PhillyDeals: An investment pro changes with the times
Here's a career for the boom-and-bust years: Greg Levinson, raised in Kingston, Luzerne County, graduated with a bachelor's degree from Penn's Wharton School in 1995 and went straight to work at the late Cooper Neff, the King of Prussia securities-trading shop that used to rank among the dozen top firms, by volume, on the New York Stock Exchange.

Here's a career for the boom-and-bust years:
Greg Levinson, raised in Kingston, Luzerne County, graduated with a bachelor's degree from Penn's Wharton School in 1995 and went straight to work at the late Cooper Neff, the King of Prussia securities-trading shop that used to rank among the dozen top firms, by volume, on the New York Stock Exchange.
In 2002, Levinson and his partners raised $300 million and started what was briefly Philadelphia's biggest hedge fund, Polaris Advisors Management L.L.C. They arbitraged convertible bonds and tracked price data for new trading strategies.
"But in 2004 the arb trades started to melt away," Levinson said. "So we repaid our investors. At the ripe age of 32, I retired and took two years off [with his wife and youngsters]."
When Levinson went back to work in 2007, the Philadelphia investment scene had paled. He had to go to Connecticut, where "I did nine months at Sailfish Capital," running a $1 billion convertible arb portfolio.
"It's a shame what happened in Philly," Levinson said.
Owner BNP Paribas shut Cooper Neff; Susquehanna Investments, another big trader, exited several businesses; the Philadelphia Stock Exchange, which spawned Cooper Neff and Susquehanna, sold out to Nasdaq. "Now," Levinson contends, "too many people I know have to get on a train, or get an apartment in Greenwich, to practice their craft."
Seeking to "reinvent," Levinson opened Schooner Investment Group L.L.C. in Radnor, hired trader Tony Fusco, another Cooper Neff veteran, and set up the "long-short" Schooner Growth and Income Fund.
From hedge to mutual funds? "It became clear to me there'd be a convergence between the mutual-fund space and the hedge-fund world," Levinson said.
Both had problems, he explained: Hedge funds got too big and borrowed heavily on barely profitable strategies, with "very little transparency or oversight."
Mutual funds were safer: "High liquidity, high transparency, no funny business." But also boring: "Very pedestrian," and seldom beating the market.
"So merge the best of the two worlds."
The result is the Schooner fund, a tiny $7 million fund that ranked in Morningstar Inc.'s top 1 percent of U.S. stock funds its first year of operation (September 2008-August 2009), gaining 3 percent (for Class C shares) while the S&P 500 lost 18 percent.
How'd he do that? Trading call options (which provide the right to buy shares at set prices) for stocks that had dropped and using them to cushion losses, or reselling them at a profit as prices recovered. The fund also owned shares of Apple Computer, Anadarko Petroleum, and Verizon, among others.
The strategy meant a lot of trading, which makes the fund a more appropriate investment for tax-protected accounts.
"We've invested some of our clients' money in the Schooner fund," said Michael Heaberg, managing director of $500 million-asset Axiom Asset Management in Radnor, where Levinson interned in college.

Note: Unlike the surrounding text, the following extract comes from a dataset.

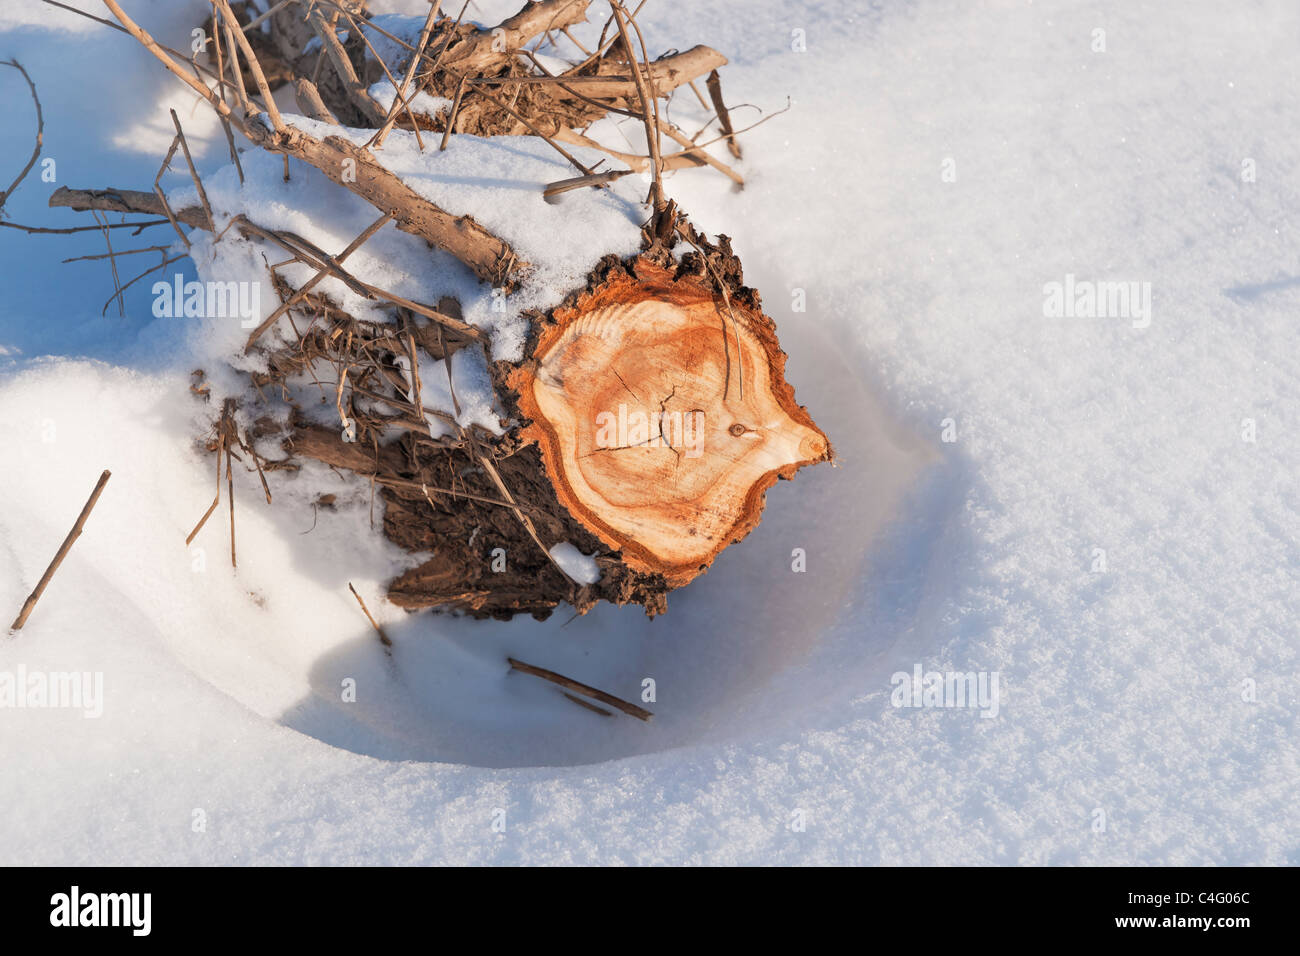 ein abgesaegter Baumstamm liegt im Schnee | a sawed-off tree trunk lies in the snow Stock Photo

"The covered-call strategy, the convertible-arbitrage strategy, is not something we can do well ourselves. When the market went down, his fund went down, but not as much as the market. Since it's gone up, his fund has gone up, though not as much. It's met the expectations we had." That's praise, in fund-speak.
Not hiring
When will the real economy come back? Not soon, say JPMorgan Chase Bank economic analysts Bruce Kasman and David Hensley.
They estimate the economy now grows "at a sustained 3.5 percent growth rate." That's "disappointing" compared with the usual 5 percent recession recovery. But it's still more than most economists expect.
Even at their rate, they say, it will take "until sometime in 2013 before the economy restores the jobs lost in the downturn."
Main Lining
Keystone Property Group, Bill Glazer's office-rehab investment firm, said it has leased 100,000 square feet at Keystone Executive Campus in Radnor to Main Line Health for $22.8 million over 10 years. Main Line, a nonprofit owner of Bryn Mawr, Lankenau, and Riddle Memorial hospitals, will put its headquarters and home-health group there.
Sovereign Bank lent Keystone Property Group $17.5 million to rebuild the facade and building systems at the site, which housed Wyeth offices and drug labs, said Keystone Property Group spokeswoman Aimee Alexander.